Мне хочется заткнуть уши, но я стою, словно загипнотизированная их тошнотворными разговорами, и не могу сдвинуться с места, чтобы уйти. Мой собственный страх перед до боли личной темой заставляет меня прислушиваться.
Эксперт, видимо, для наполнения багажа своих профессиональных баек, интересуется, не звонила ли покойная перед смертью в скорую. Все почему-то обращают взоры на меня. Я передаю им мобильник Багиры, поясняя, что я звонила с него, так как свой телефон недавно потеряла. Один из полицейских забирает его у меня и, покопавшись в нем, говорит, что, кроме моего, звонков не было.
Тогда эксперт говорит, что в последнее время часты случаи, когда пострадавшие от инфаркта или, как иногда бывает, передумавшие самоубийцы успевают вызвать скорую, но та, приехав, не может попасть в жилище, так как дверь заперта и человек хоть еще и жив, но уже без сознания. А вскрывать по закону врачи не имеют права и поэтому в таких случаях просто разворачиваются и уезжают. Бывает, что вызывают эмчеэсников, чтоб те вскрыли дверь, и еще полицию, чтоб это было в их присутствии, но на это уходит немало часов, и человека не всегда удается спасти. Но в основном врачи не ждут, так как вызовов слишком много.
Когда они немного затихают, я снова удаляюсь в кухню и приземляюсь на стул, потому что мне уже тяжело стоять.
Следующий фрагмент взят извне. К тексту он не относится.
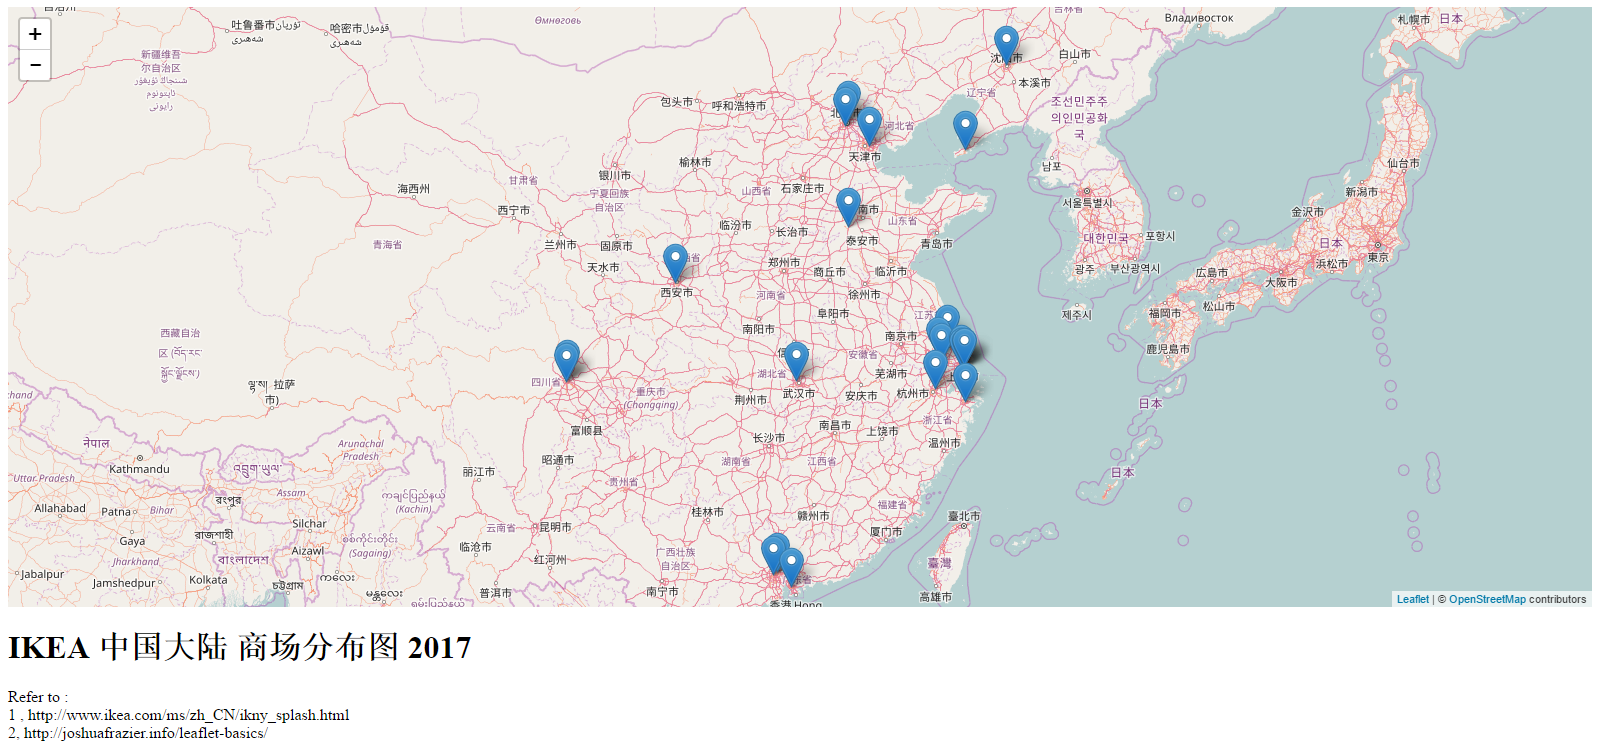 Map-Of-IKEA-China-2017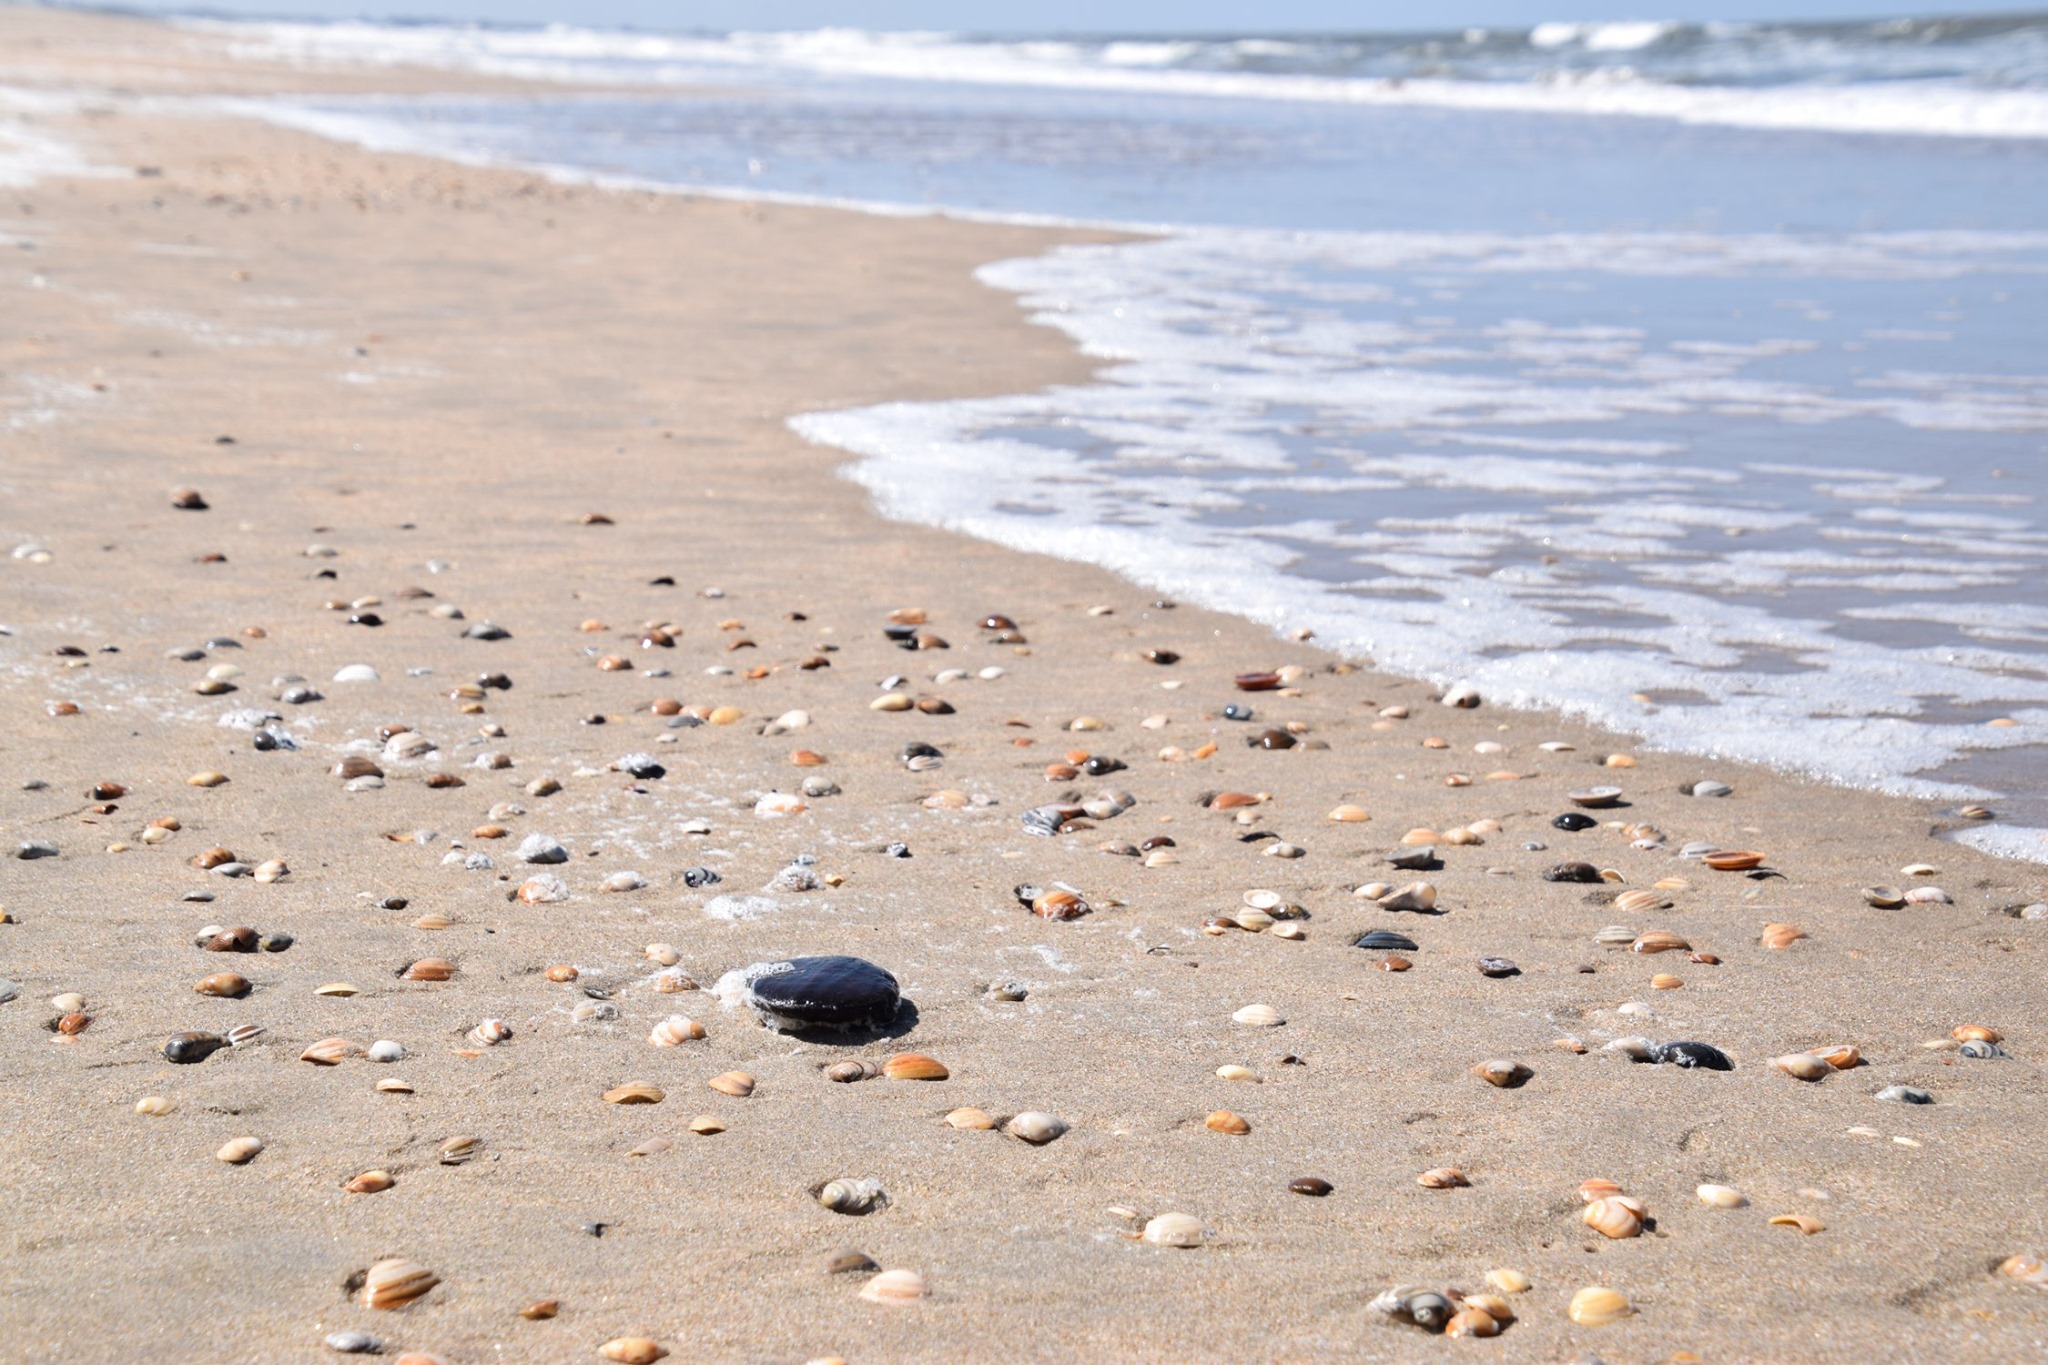 Strandwandelexcursie “Is het strand meer dan een bak zand?”.

Полицейский, изучавший мобильник Багиры, садится рядом со мной, раскладывает на столе какие-то листы, готовясь писать, и задает мне вопросы: кто я, откуда знаю покойную, просит назвать ее полное имя и данные.
Я делюсь всем. Кроме ее имени. Говорю, что знаю только прозвище.
Он догадывается о роде занятий Багиры и спрашивает меня, не коллеги ли мы с ней.
Я говорю, что нет. Но он, судя по его гримасе, не верит.
Он спрашивает, где я взяла телефон покойной, я указываю на сумку, он беззастенчиво рыщет в ней и вынимает оттуда паспорт. Раскрывает и переписывает данные на свой лист. Сообщает, что установит и уведомит ее родственников.
У нее сегодня день рождения, говорит он с грустной усмешкой.
Мои глаза в очередной раз наполняются слезами. И я начинаю рыдать.
Я вскакиваю со стула, потому что просто не могу усидеть. Торопясь, выхожу в коридор. И теперь просто курсирую туда-сюда, пытаясь этим идиотским метанием сбить накатившую нервозность.